*Description of the task*
Would you return the data below exactly as it stands, with every picture left out?

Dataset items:
________

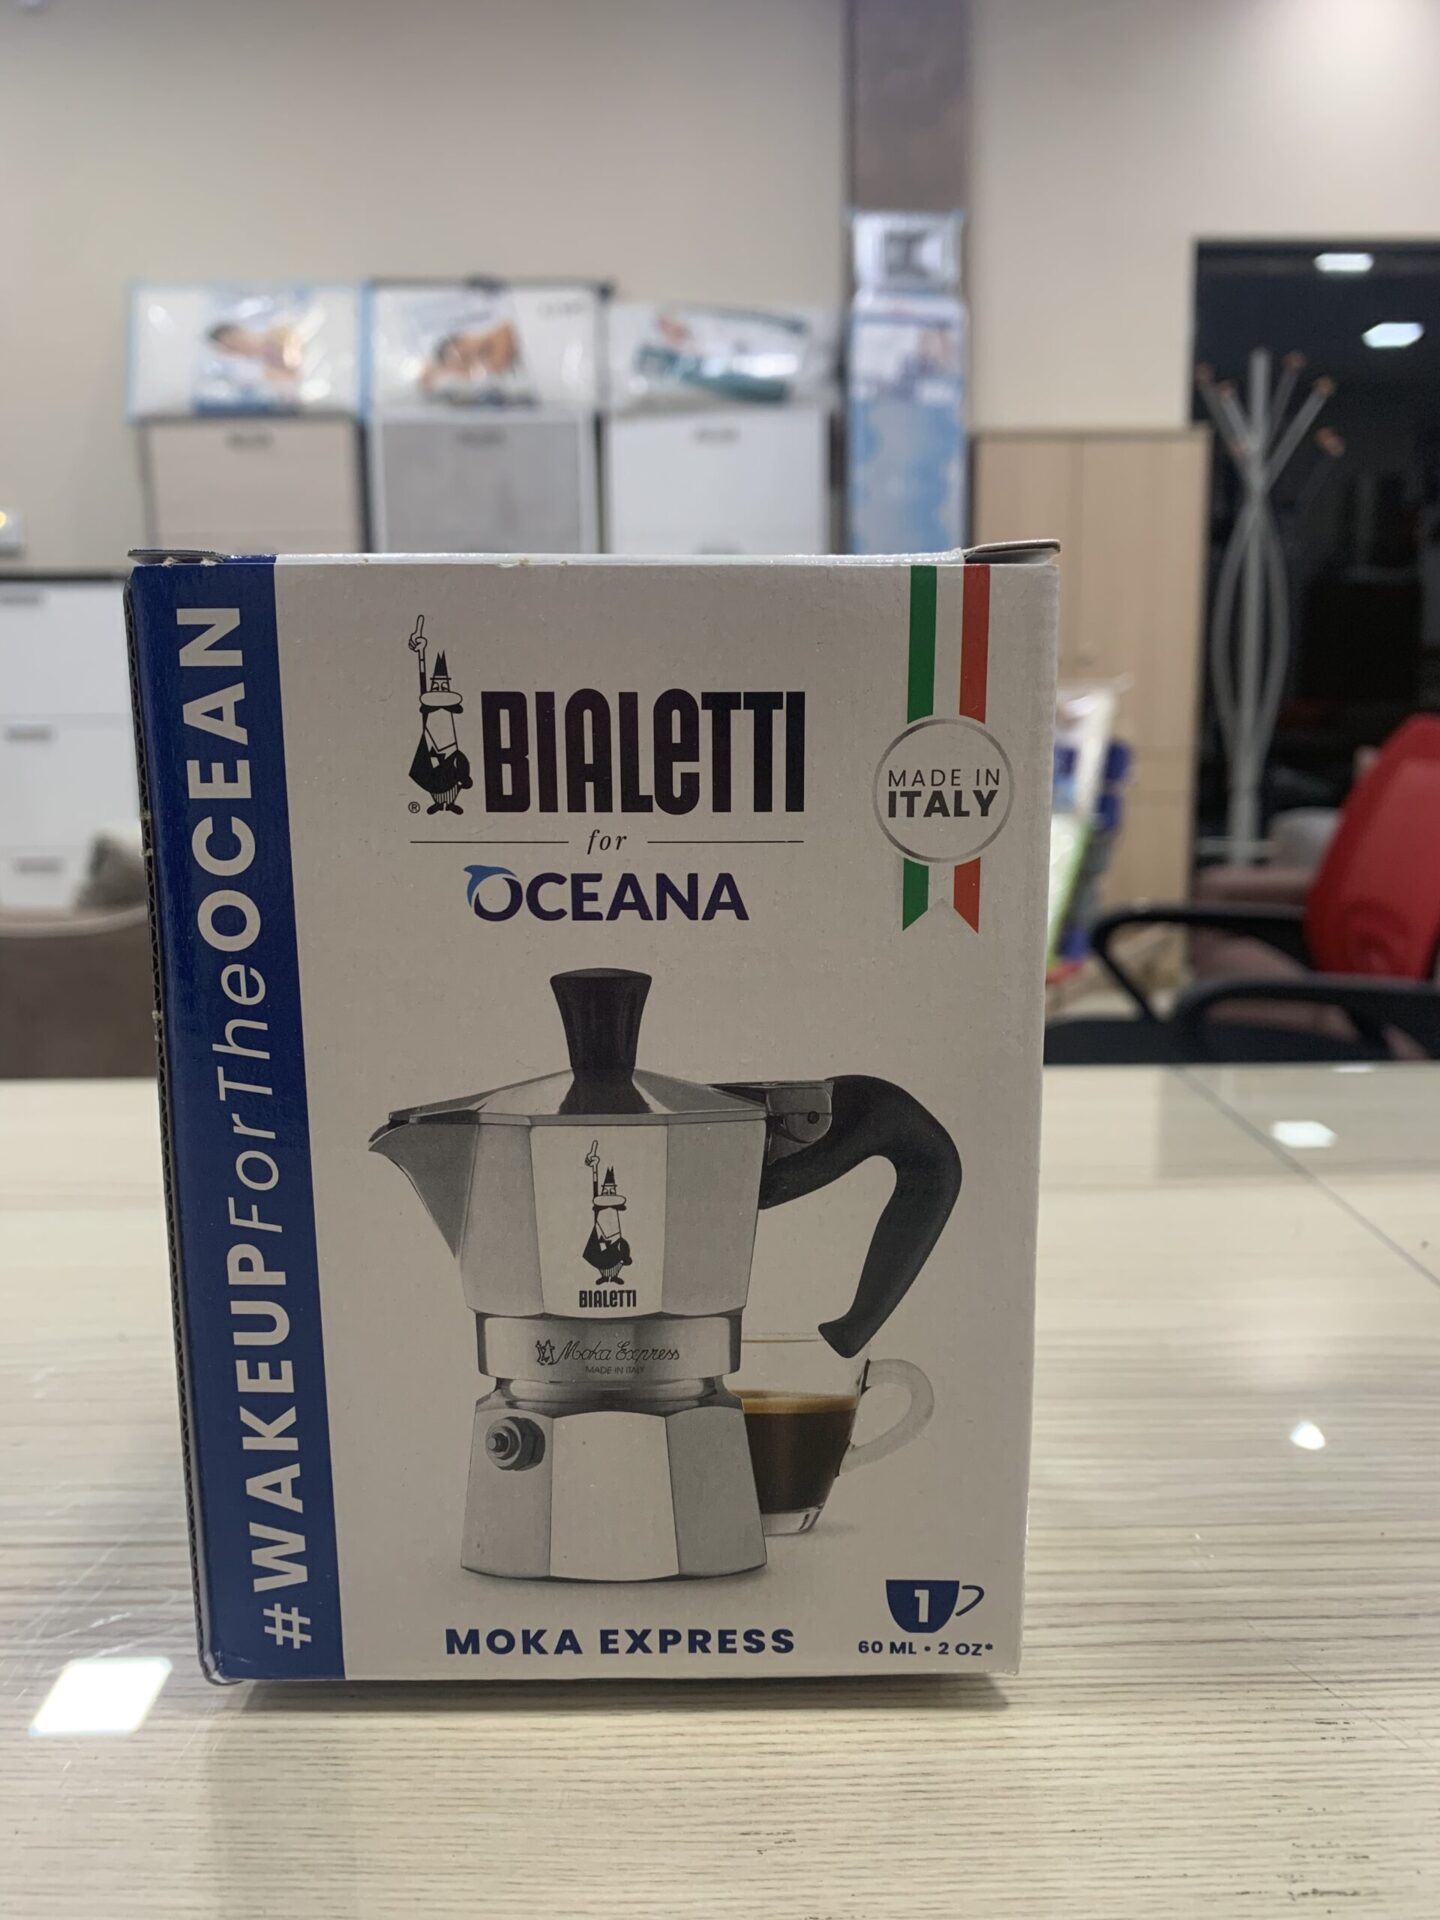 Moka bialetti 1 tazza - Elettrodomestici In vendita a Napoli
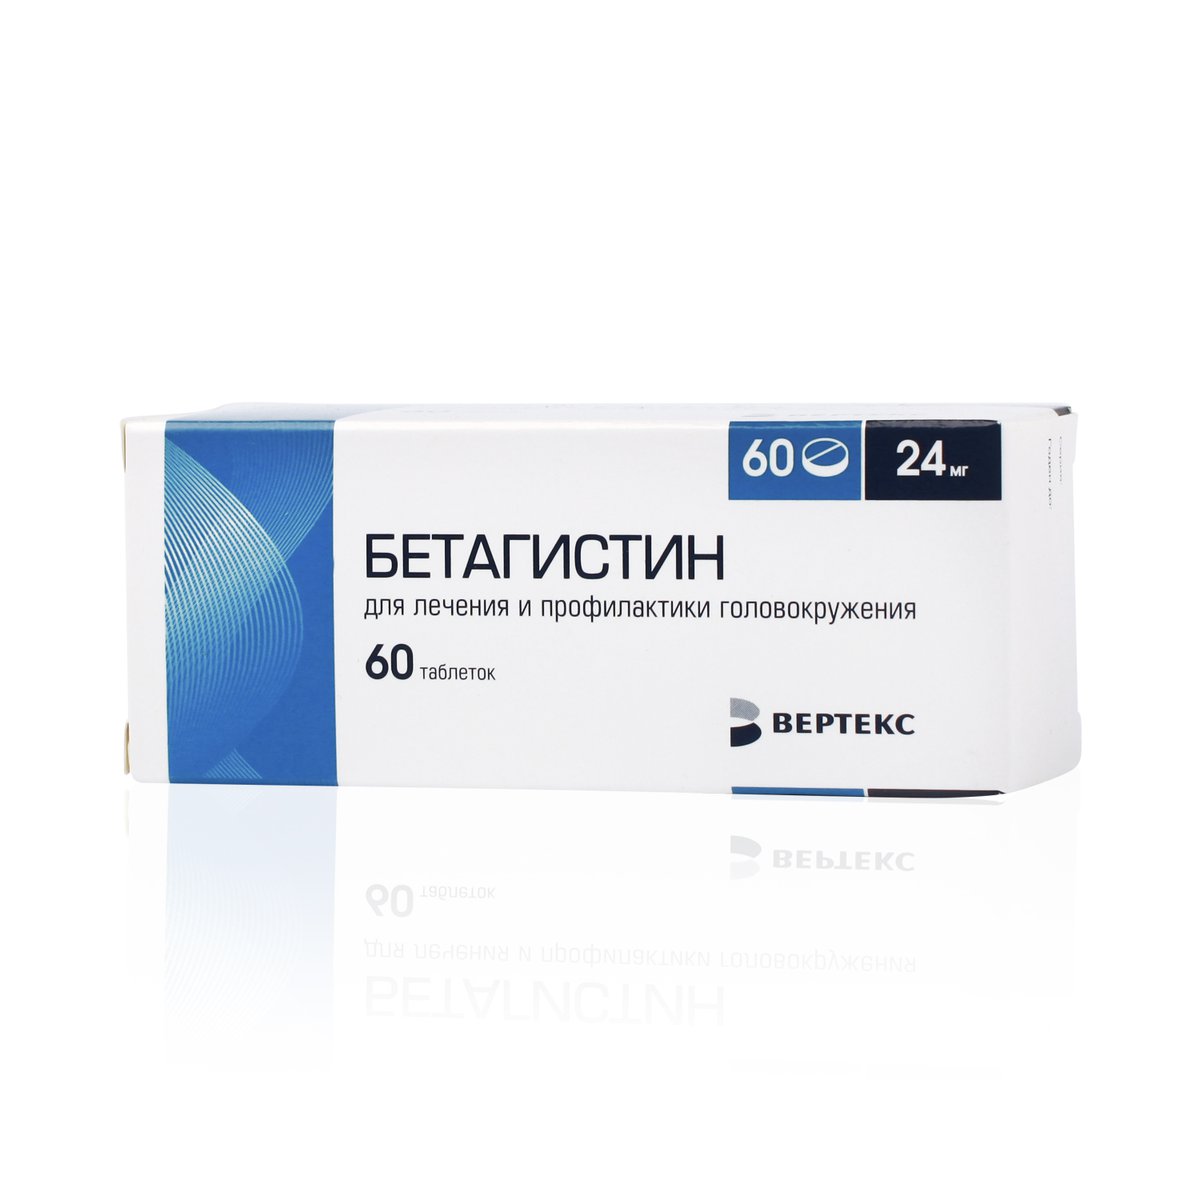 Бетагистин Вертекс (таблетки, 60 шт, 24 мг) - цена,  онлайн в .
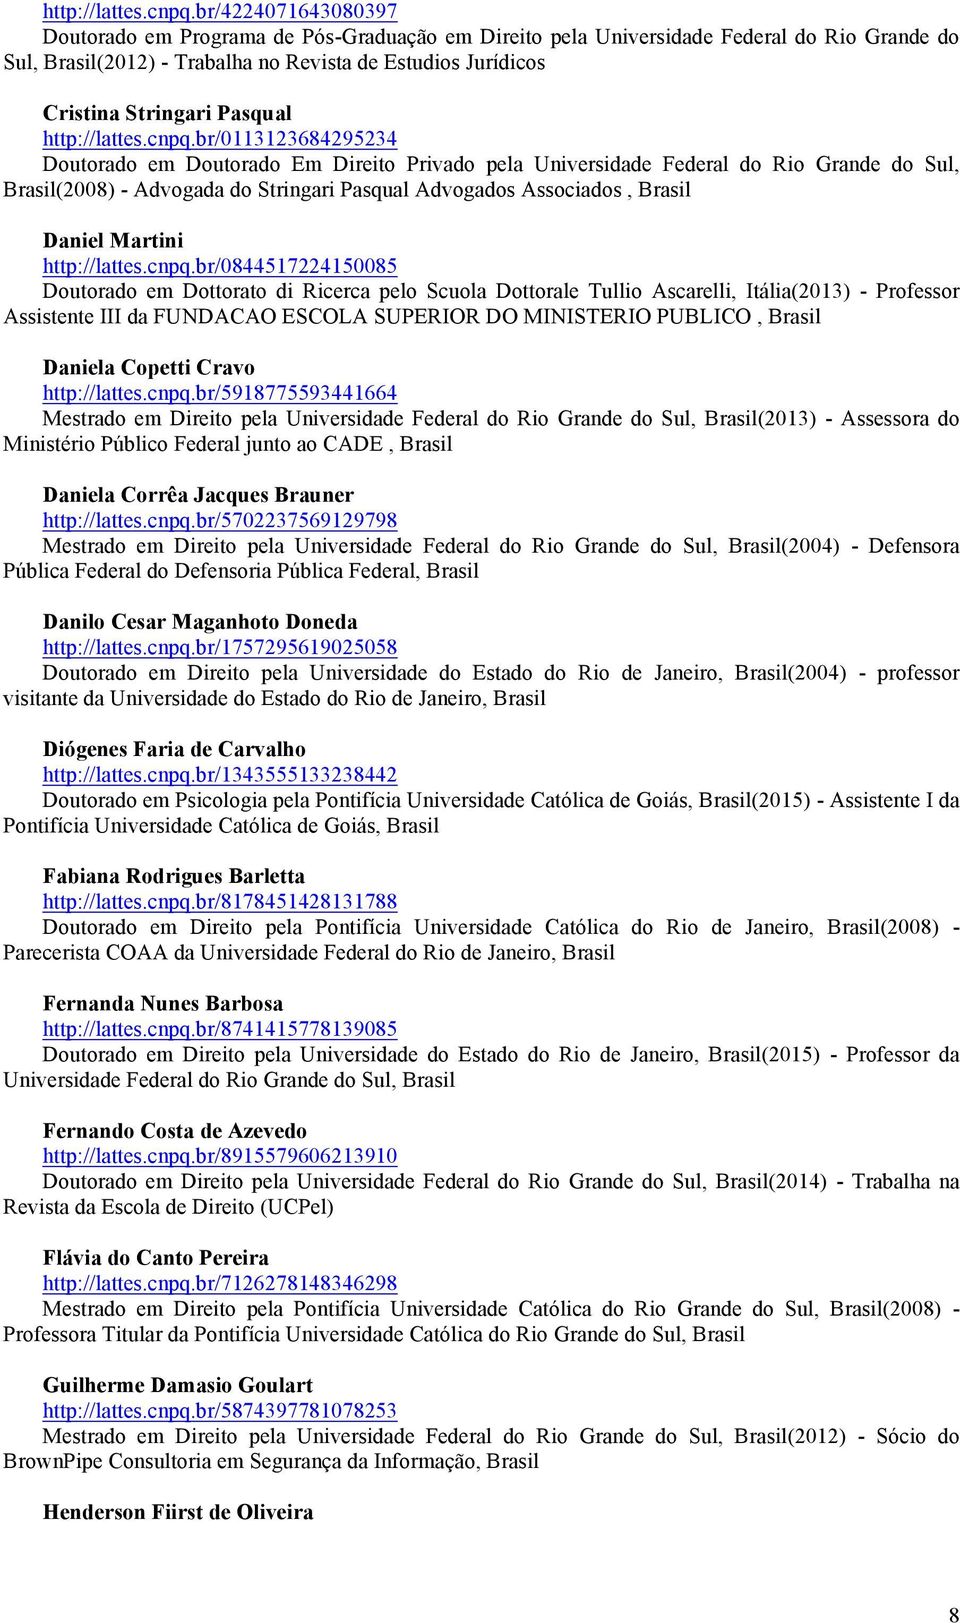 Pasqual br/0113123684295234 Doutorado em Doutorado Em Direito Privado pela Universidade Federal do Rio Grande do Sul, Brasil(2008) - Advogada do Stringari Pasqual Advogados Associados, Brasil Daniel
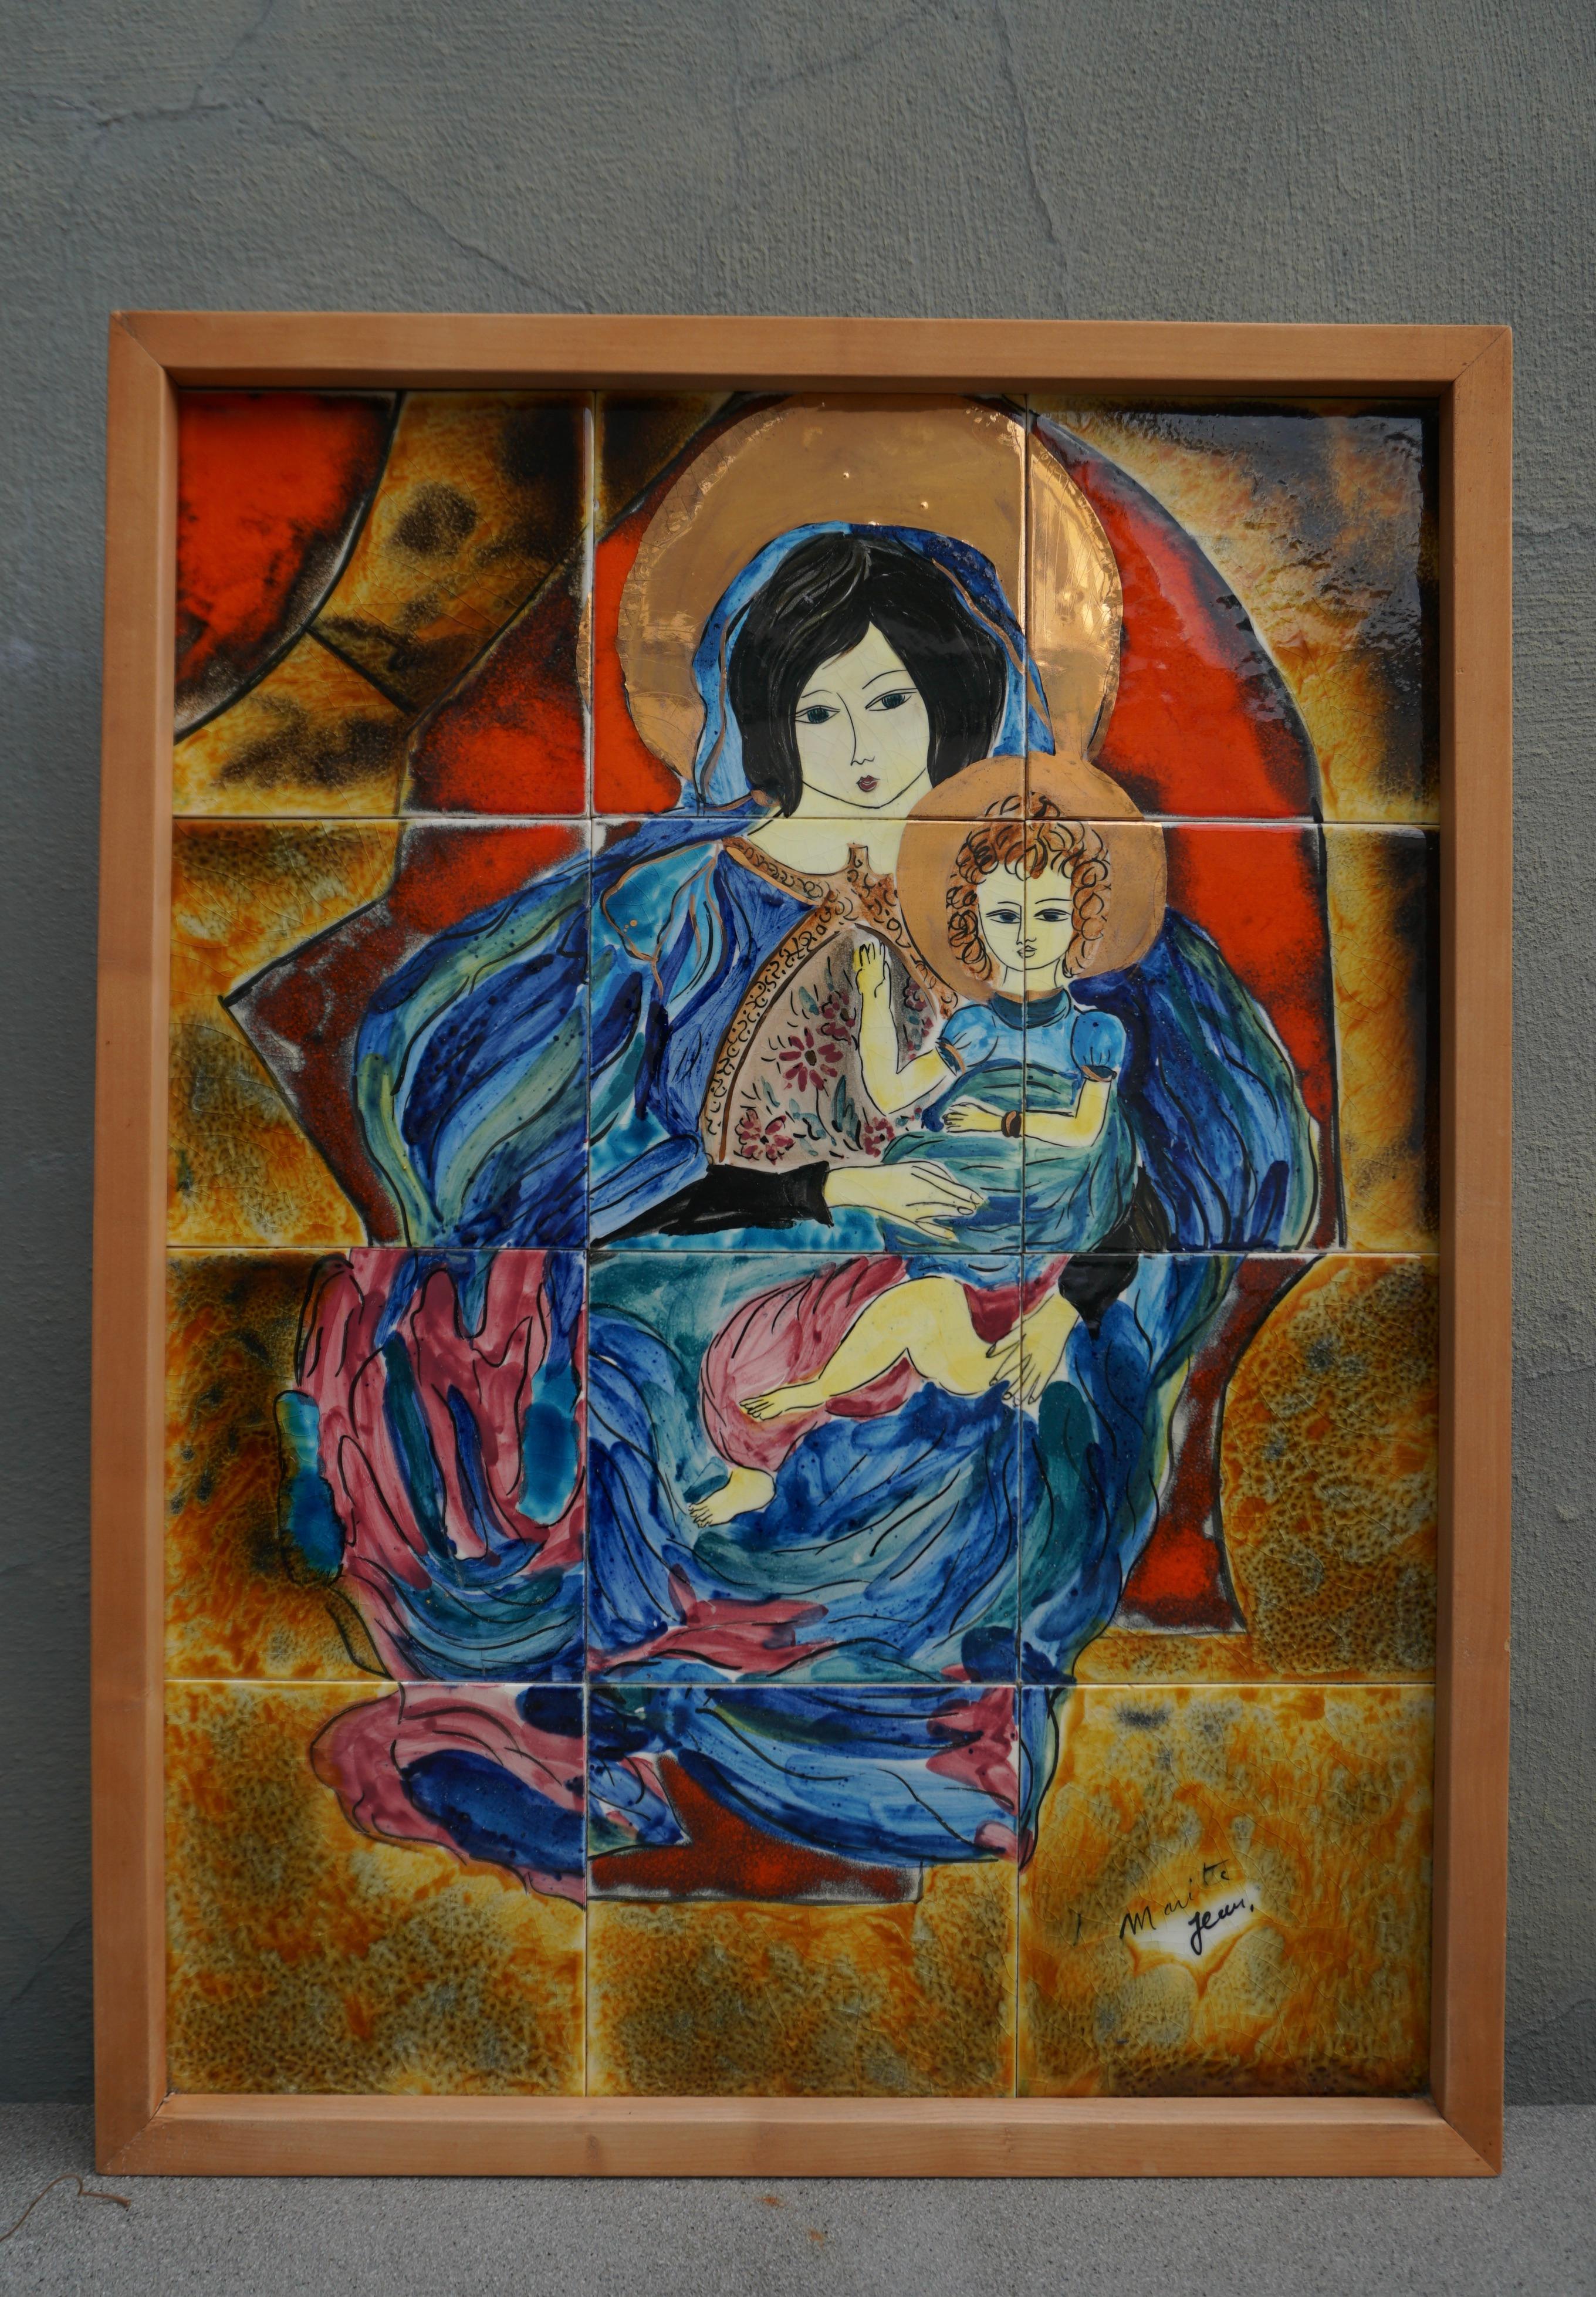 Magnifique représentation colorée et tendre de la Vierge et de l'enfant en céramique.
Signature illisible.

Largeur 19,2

________

*Exercise response*
 Moka bialetti 1 tazza - Elettrodomestici In vendita a Napoli
 Бетагистин Вертекс (таблетки, 60 шт, 24 мг) - цена,  онлайн в .
 Pasqual br/0113123684295234 Doutorado em Doutorado Em Direito Privado pela Universidade Federal do Rio Grande do Sul, Brasil(2008) - Advogada do Stringari Pasqual Advogados Associados, Brasil Daniel
 Magnifique représentation colorée et tendre de la Vierge et de l'enfant en céramique.
Signature illisible.

Largeur 19,2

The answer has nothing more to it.